#### Activity:
Only a number is expected: how many lines in these records mention the word "Zoll"?

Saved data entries
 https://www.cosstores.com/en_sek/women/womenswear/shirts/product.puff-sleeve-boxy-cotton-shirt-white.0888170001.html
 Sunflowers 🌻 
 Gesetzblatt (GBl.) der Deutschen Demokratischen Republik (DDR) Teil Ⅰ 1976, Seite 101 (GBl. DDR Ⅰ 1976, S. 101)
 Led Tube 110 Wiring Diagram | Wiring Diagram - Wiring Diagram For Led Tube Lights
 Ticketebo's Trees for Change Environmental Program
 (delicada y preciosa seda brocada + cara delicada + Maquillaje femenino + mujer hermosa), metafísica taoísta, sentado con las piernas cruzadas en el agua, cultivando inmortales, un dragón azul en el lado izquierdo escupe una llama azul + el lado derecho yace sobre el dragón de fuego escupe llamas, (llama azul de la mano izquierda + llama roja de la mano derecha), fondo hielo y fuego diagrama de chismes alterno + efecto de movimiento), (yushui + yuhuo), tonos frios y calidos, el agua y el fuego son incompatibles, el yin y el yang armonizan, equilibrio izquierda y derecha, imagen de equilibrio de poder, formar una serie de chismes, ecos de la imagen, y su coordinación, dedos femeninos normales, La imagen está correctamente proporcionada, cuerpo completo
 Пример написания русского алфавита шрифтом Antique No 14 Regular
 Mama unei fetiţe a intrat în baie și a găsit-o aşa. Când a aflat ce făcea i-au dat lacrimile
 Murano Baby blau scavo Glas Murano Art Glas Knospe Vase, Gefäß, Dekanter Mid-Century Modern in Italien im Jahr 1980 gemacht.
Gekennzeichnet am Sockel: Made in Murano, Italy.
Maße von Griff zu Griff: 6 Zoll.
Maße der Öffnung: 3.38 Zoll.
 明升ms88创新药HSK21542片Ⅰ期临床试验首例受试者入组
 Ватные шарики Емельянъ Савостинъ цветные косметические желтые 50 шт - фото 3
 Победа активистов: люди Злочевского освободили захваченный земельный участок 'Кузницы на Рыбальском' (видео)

#### Answer to this problem:
2